タイムリープするお嬢様――二度目の婚約破棄はもう遅い。あなたが破滅する始まりです

 エマは幸せな夢を見ていた。まだ自分が若い頃の話だ。
 親方に怒鳴られて、肩をすくめる横顔。
 商家の扉を開けて、おずおずと入って来た姿。
 食事会でグラスを倒し、真っ赤になって布巾を探す手。
 どれも、よく覚えている。
 忘れるはずがない。
 ダライアスは、春の日差しの中で笑っていた。
 目元をくしゃりと細める、少し困ったような笑顔。
 だが、その顔が少しだけ年を取っている。
 初めて会った頃の若い職人ではない。もっと後の、ありもしない年月を重ねたような顔だった。目元には、穏やかな皺がある。仕草は相変わらず頼りない。ただし、記憶の中の声よりも、頭に浮かんだ男の声はどこか低かった。時計の部品を手に、ダライアスがほほえんでいる。

 なぜ時計なのだろうと、エマは訝しんだ。
 ダライアスはガラス職人だったはずだ。

「……」

 ダライアスはいつも部品の仕入れに苦労していた。粗悪品を売りつけられたダライアスを、自分が助けたことだってある。

 ああ、そうだった。
 ダライアスは時計職人だった。
 どうしてこんな大事なことを勘違いしたのだろう。ガラス職人は、イズルベシアから出て来た自分が勝手に目標としていた相手で、ダライアスではない。

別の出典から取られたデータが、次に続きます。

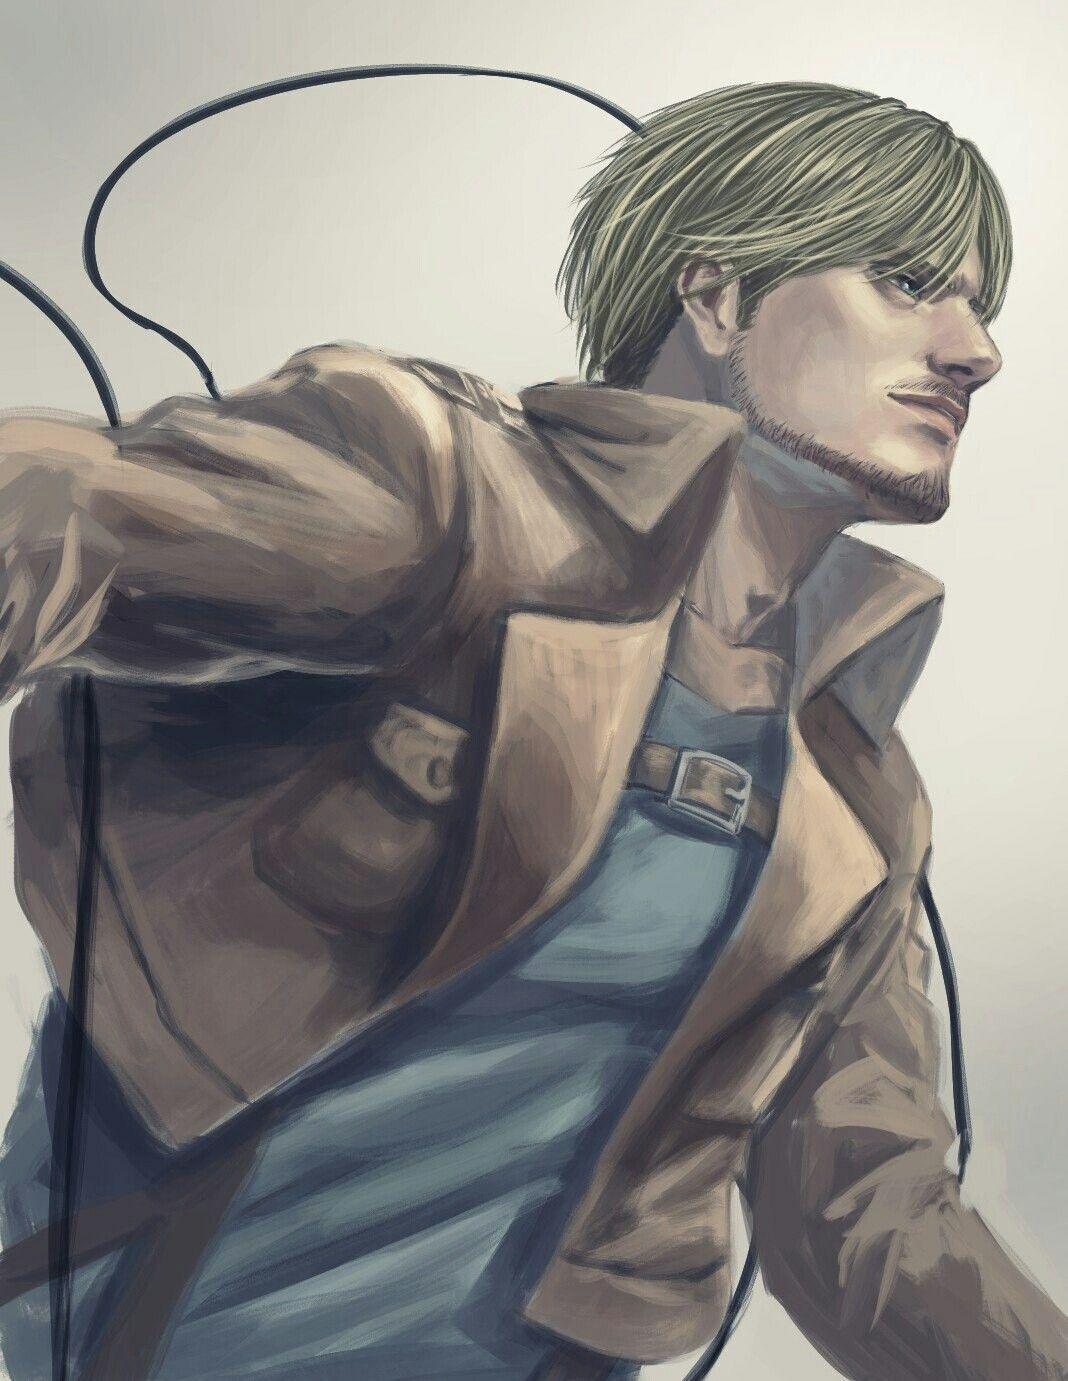 Pin by Scottyrose on Shingeki no kyojinAttack of the TitansАтака титанов進撃の巨人   Attack on ...

 ダライアスは雨の日にふらりと、来客として商家にやって来たのだ。そこでダライアスからプレゼントをもらって、交際が始まった。

 だが、自分がお付き合いをする気になったのはどうしてだっただろうか。
 うまく思い出せない。
 記憶が混濁している。
 炉にくべられた火に意識を向けると、時計の音が強くなる。
 きっと夫が嫉妬しているのだろう。

『一緒の時間を刻んでいきませんか?』

 プロポーズの言葉とともに受け取った時計は、今も大事に机にしまってある。最近見ていないだけで、引き出しを開ければすぐに見つかるはずだ。結婚の記念品なのだから、なくすはずがない。

 恥ずかしい。
 たった数年でこんなにも相手のことを忘れてしまうなんて、自分はなんて薄情な妻だったのだろうか。

 それにダライアスという響きもなんだか収まりが悪い気がする。
 ダライアスという人名ではなかったのかもしれない。
 ダミアン……。そうだ、ダミアンだ。
 自分の夫はダミアンという名前だった。

「……ふふ」

 無事に思い出せると、口元に自然と微笑が浮かんだ。